Local structure and hydrogen bonding in liquid γ-butyrolactone and propylene carbonate: A molecular dynamics simulation

Abstract

In this work we report a new potential model for classical molecular dynamics (MD) simulation of two dipolar aprotic solvents – propylene carbonate (PC) and γ-butyrolactone (GBL). Parameters for intramolecular interactions as well as the partial atomic charges were derived from quantum chemical calculations, while the OPLS/AA force field Lennard-Jones intermolecular parameters were adjusted to reproduce the experimental thermodynamic and the transport properties of these solvents in the wide temperature range. The comparison of new potential models with existing models for PC and GBL is given. Using the proposed models, the local structure of these solvents was studied in detail, paying special attention to packing ability, dipole-dipole orientation and hydrogen-bonding (H-bonding) interactions.
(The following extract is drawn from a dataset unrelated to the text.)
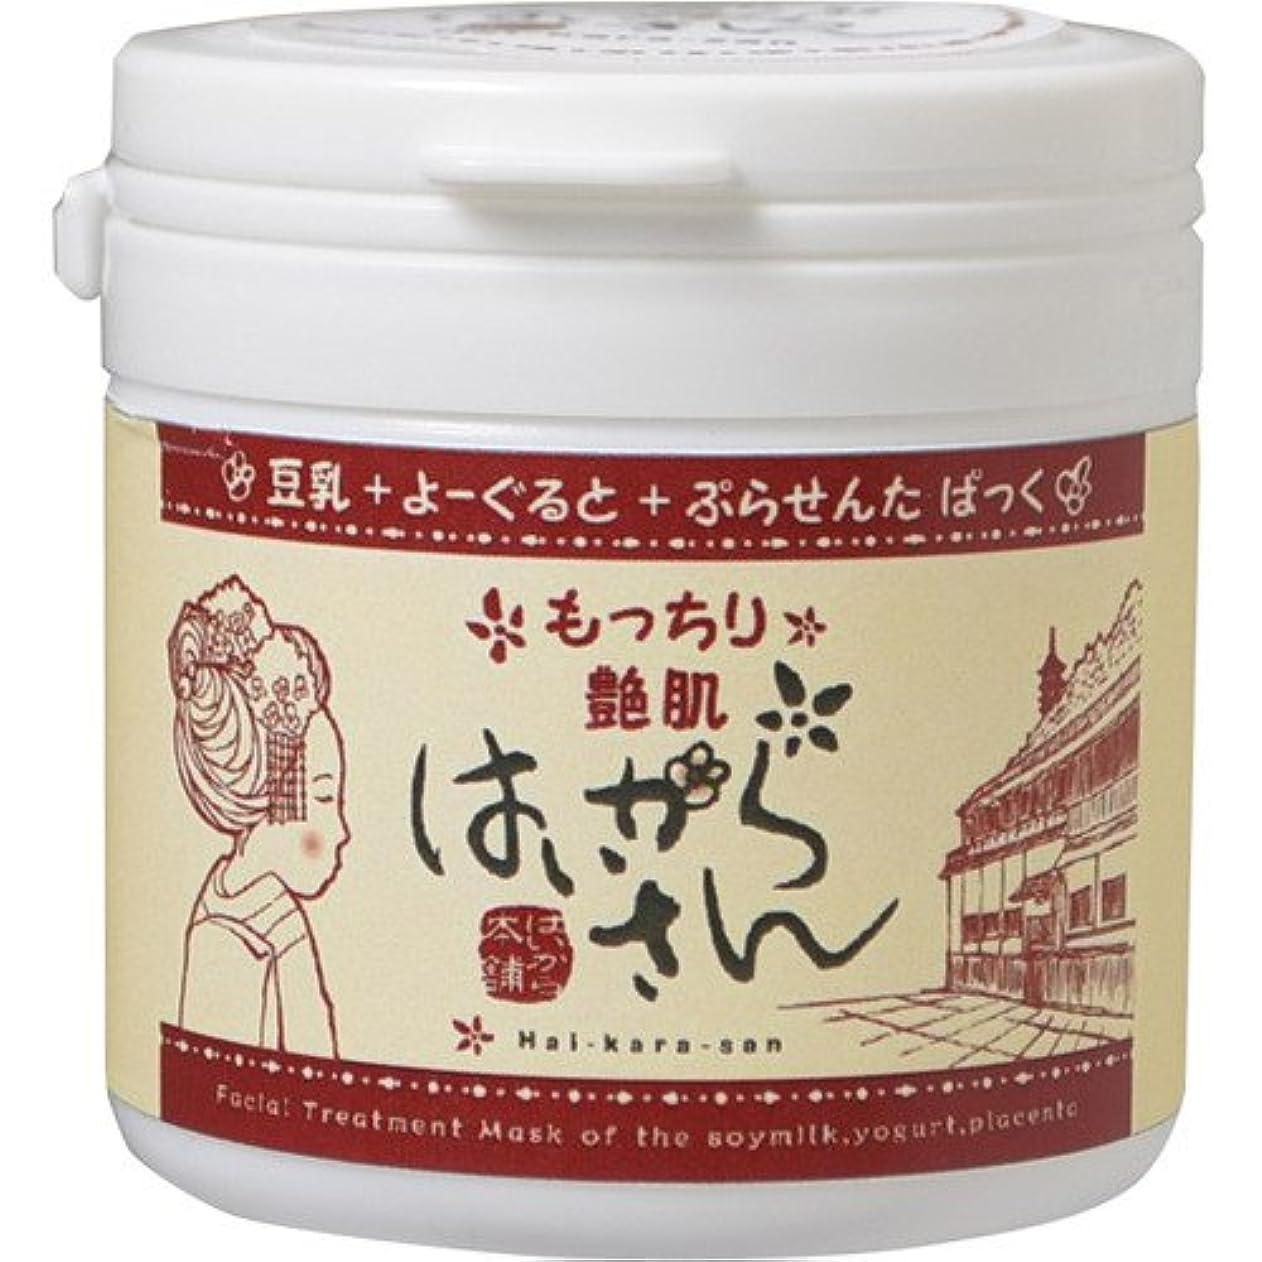 バスルーム貫通治世進製作所 豆乳よーぐるとぱっく はいからさん 150g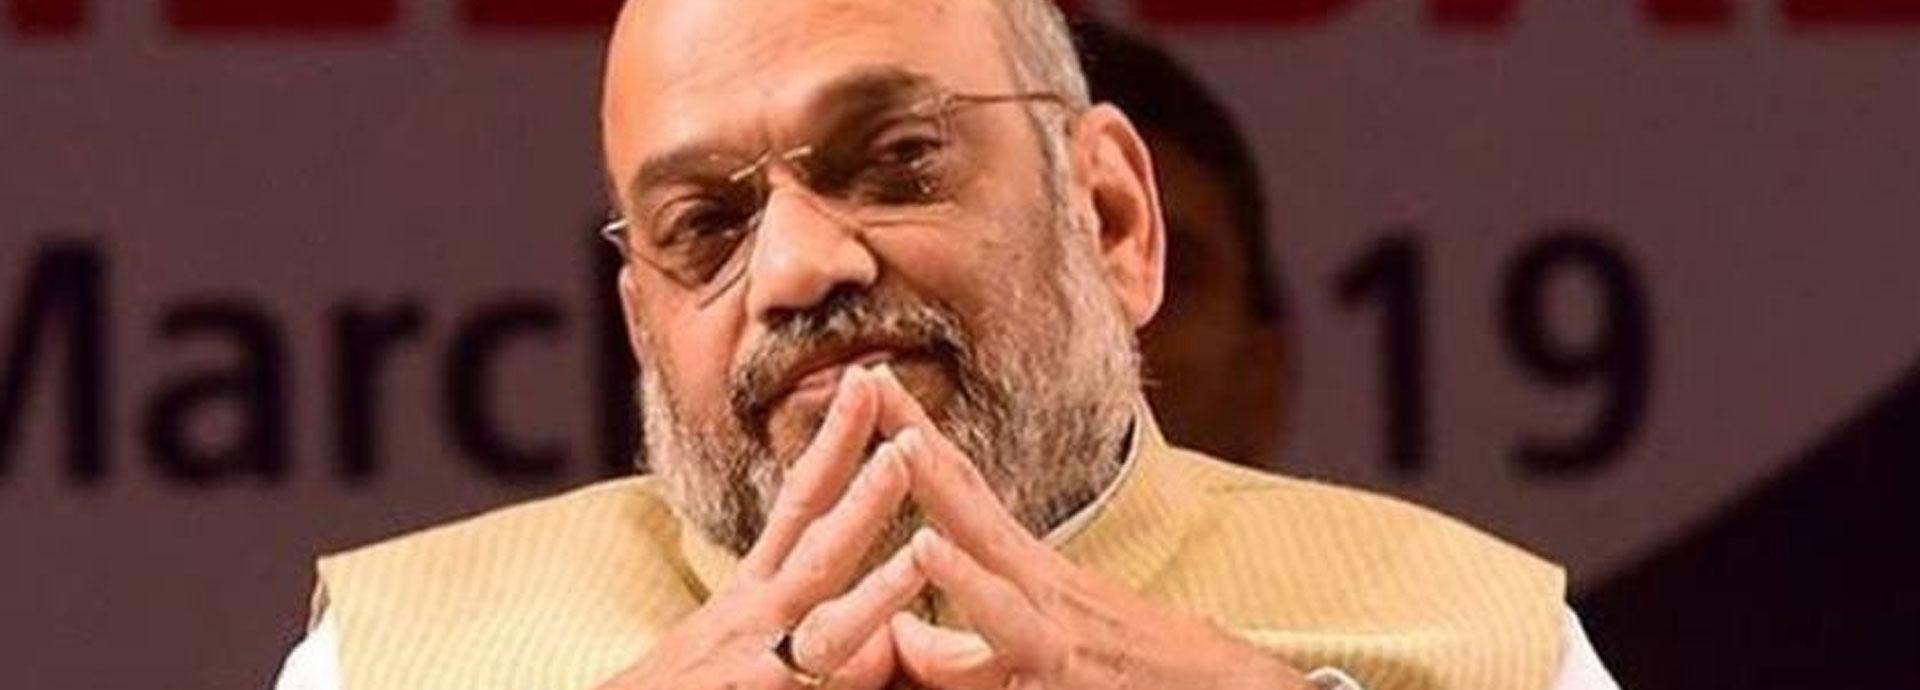 गुजरात के बाद मध्य प्रदेश और कर्नाटक में भी  BJP ने कांग्रेस को उलझाया

Based on the results of MD simulations and QTAIM analysis, it was shown that H-bonds involving carbonyl oxygen atoms in PC and GBL are rather weak, while no H-bonds are formed with ester oxygen atoms. According to the present results, the mutual molecular orientation in PC and GBL varies with the distance, being above/below plane-parallel configuration for closest neighbors, and in-plane T-shaped configurations for farther neighbors. The nearest neighbors approach coupled with angular distribution functions was applied for the estimation of the Kirkwood factor in the framework of the Onsager-Kirkwood-Fröhlich theory. Our results shows that in order to reproduce the corresponding experimental values the Kirkwood factor it is necessary to take in account the mutual orientation of ~8–9 neighboring molecules for GBL and ~5–6 molecules for PC.